Just then a lady came up to me. “Who are you? Who are you?” she repeated pointedly.

“Jeffrey. I’m new in the church,” I answered. I could tell she sensed something was up.

“I’m looking for a last name,” she insisted.

“Shapiro.”

“Shapiro?”

“You know, like the lawyer,” I replied.

“The lawyer?”

“Like Robert Shapiro. He represented O. J. Simpson,” I answered.

“Jeffrey, are you a member of this church?”

“I’m actually Jewish, but I’ve told Father Hoverstock that I want to learn about Christianity.” I had to walk away from her. She continued to stare at me until I left the church.

I wrote a story about that Sunday—“The Ramseys’ Private Hell”—but it was never published.

—Jeff Shapiro

JonBenét’s medical records were important to the investigation since there might be evidence of child molestation or physical abuse in the files of her pediatrician, Dr. Francesco Beuf. During the first days of January, the Ramseys and their attorneys met with the doctor. Having reviewed his records, he guaranteed them that there was no indication of sexual abuse.

Three weeks after JonBenét was murdered, William Gray, a Ramsey family attorney, released a letter to the press saying that “pediatric consultations showed no history of child abuse.” On February 14, the same day that a partial autopsy report was released, Dr. Beuf was interviewed by Paula Woodward on KUSA, Channel 9. He said, “There was never any hint whatsoever of sexual abuse” and “I didn’t see any hint of emotional abuse or physical abuse.”

Without the Ramseys’ consent, the physician could not release JonBenét’s medical history, which was protected by Colorado law. On February 10, Detective Harmer obtained a signed release from Patsy and John allowing her to speak to Dr. Beuf’s nursing staff. The next day Harmer talked to Barbara Frey and later interviewed Judy Klingensmith, a nurse who had last seen JonBenét in mid-November 1996.

On March 25 Detective Harmer was allowed to interview Dr. Beuf and summarized the dead child’s medical history:

JonBenét was born on August 6, 1990, in Atlanta. Beuf became her doctor when the Ramseys moved to Boulder in late 1991. On December 6, 1991, he treated JonBenét for a fever, cough, and wheezing. Over the next ten months, she had the usual colds and coughs of a toddler. By the time JonBenét was two and a half years old, she had developed a history of coughs accompanied by low-grade fever.

In July 1993, Patsy Ramsey was diagnosed with ovarian cancer. It was just one month short of JonBenét’s third birthday. The child, who went to stay with her grandmother Nedra, regressed in her toilet training and eating habits. Suzanne Savage, a baby-sitter, began to help Nedra care for JonBenét.

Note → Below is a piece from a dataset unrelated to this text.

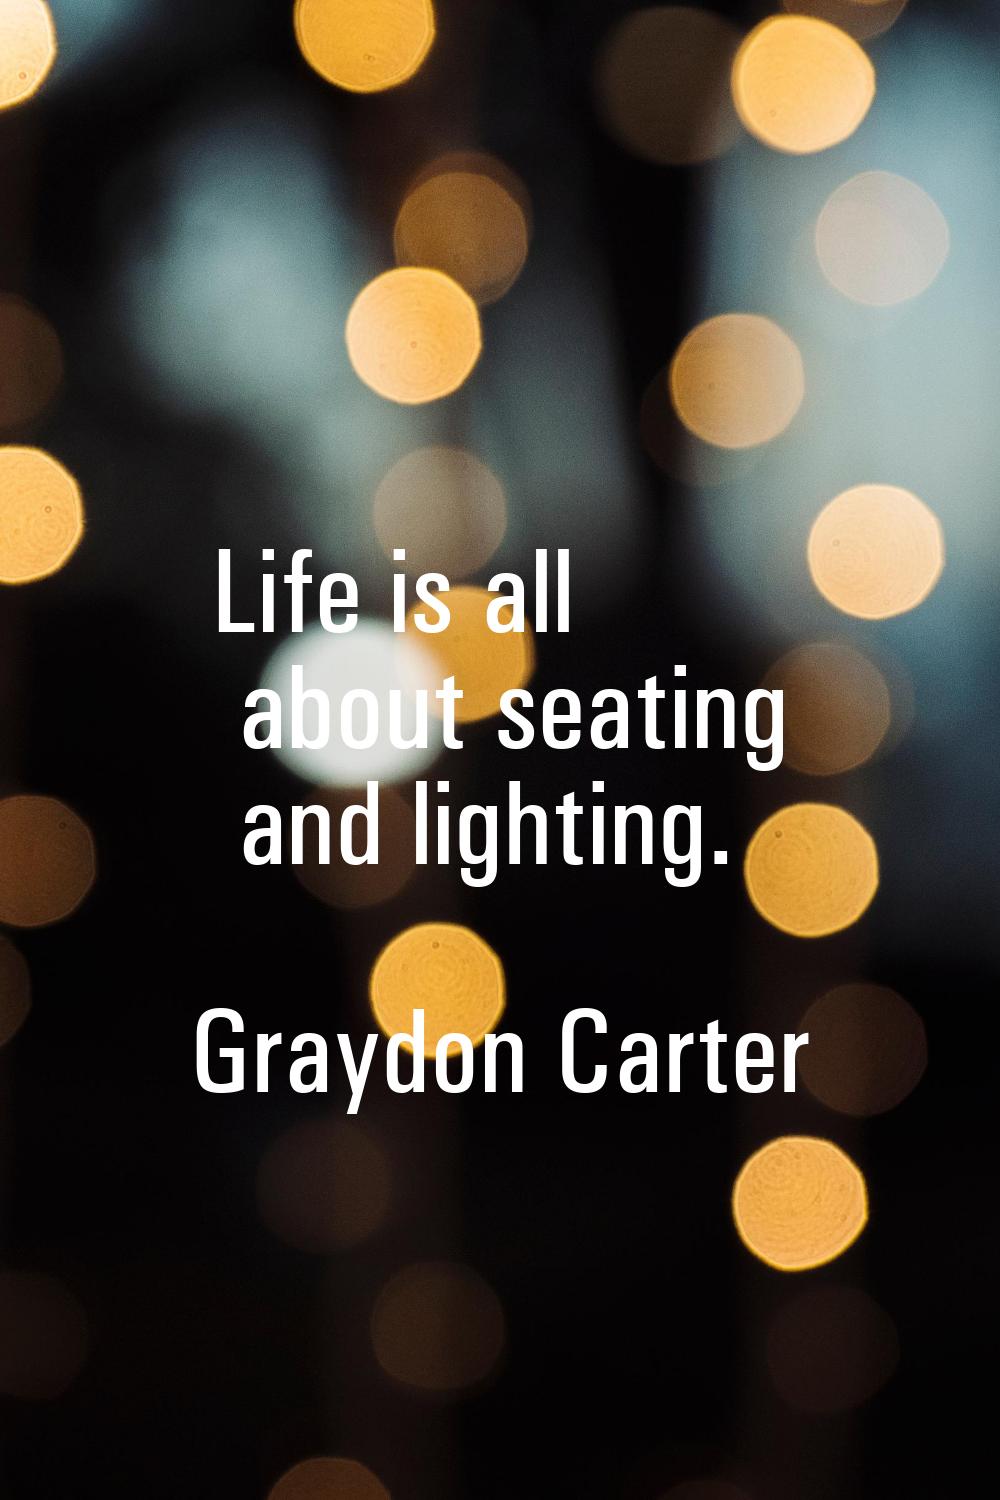 Life is all about seating and lighting.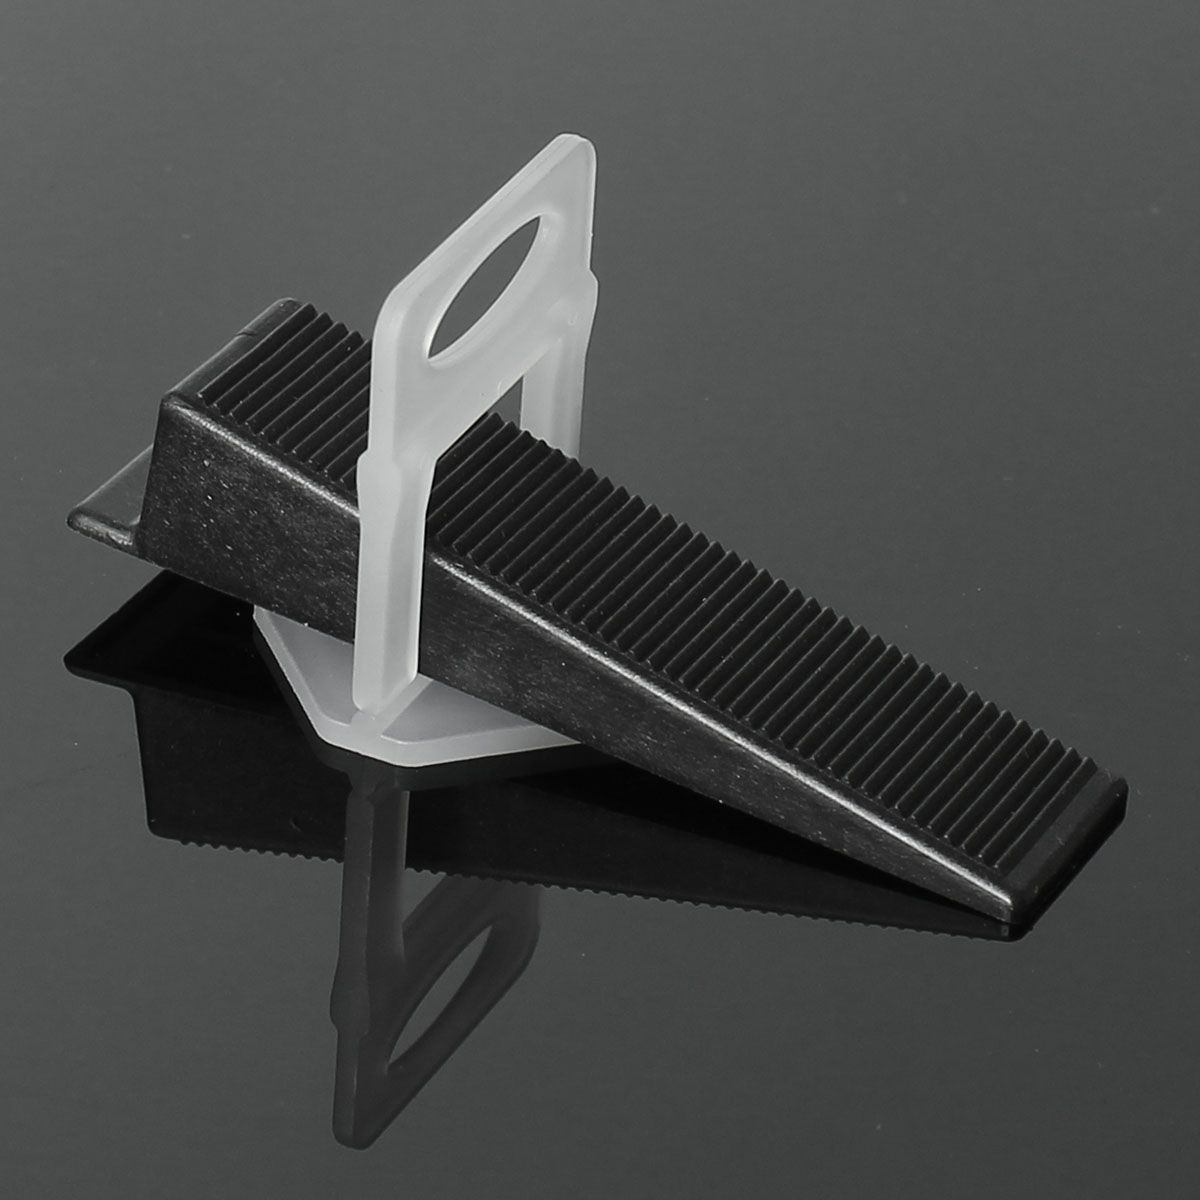 50Pcs-Black-Tile-Flat-Leveling-System-Wedges-Clips-Wall-Floor-Spacers-Strap-Device-Tools-1427127

At three years and one month, JonBenét was brought to see the doctor. Her buttocks were chafed red from diarrhea, as was her vaginal area.

Two months later, JonBenét was back in the doctor’s office with a cough and a stuffed nose. She was sleeping poorly, was grouchy from fatigue, and had bad breath. She appeared to have chronic sinusitis. At the end of 1993, JonBenét, at age three, was still drinking from a bottle, and Patsy and John were having problems weaning her.

On October 5, 1994, when JonBenét showed up at the doctor’s office for a checkup, she had a scar on her left cheek. She’d been hit accidentally by a golf club when the family was in Charlevoix. A week later a plastic surgeon in Denver was consulted. There was no injury to her cheekbone, nothing to worry about. Beuf was told that she was getting along with her brothers and older sister. But she was wearing Pull-Ups at night because she sometimes wet the bed. That same day Patsy filled out a developmental questionnaire. She said there were no aspects of JonBenét’s behavior or sex education she needed to discuss. JonBenét was four years and three months old.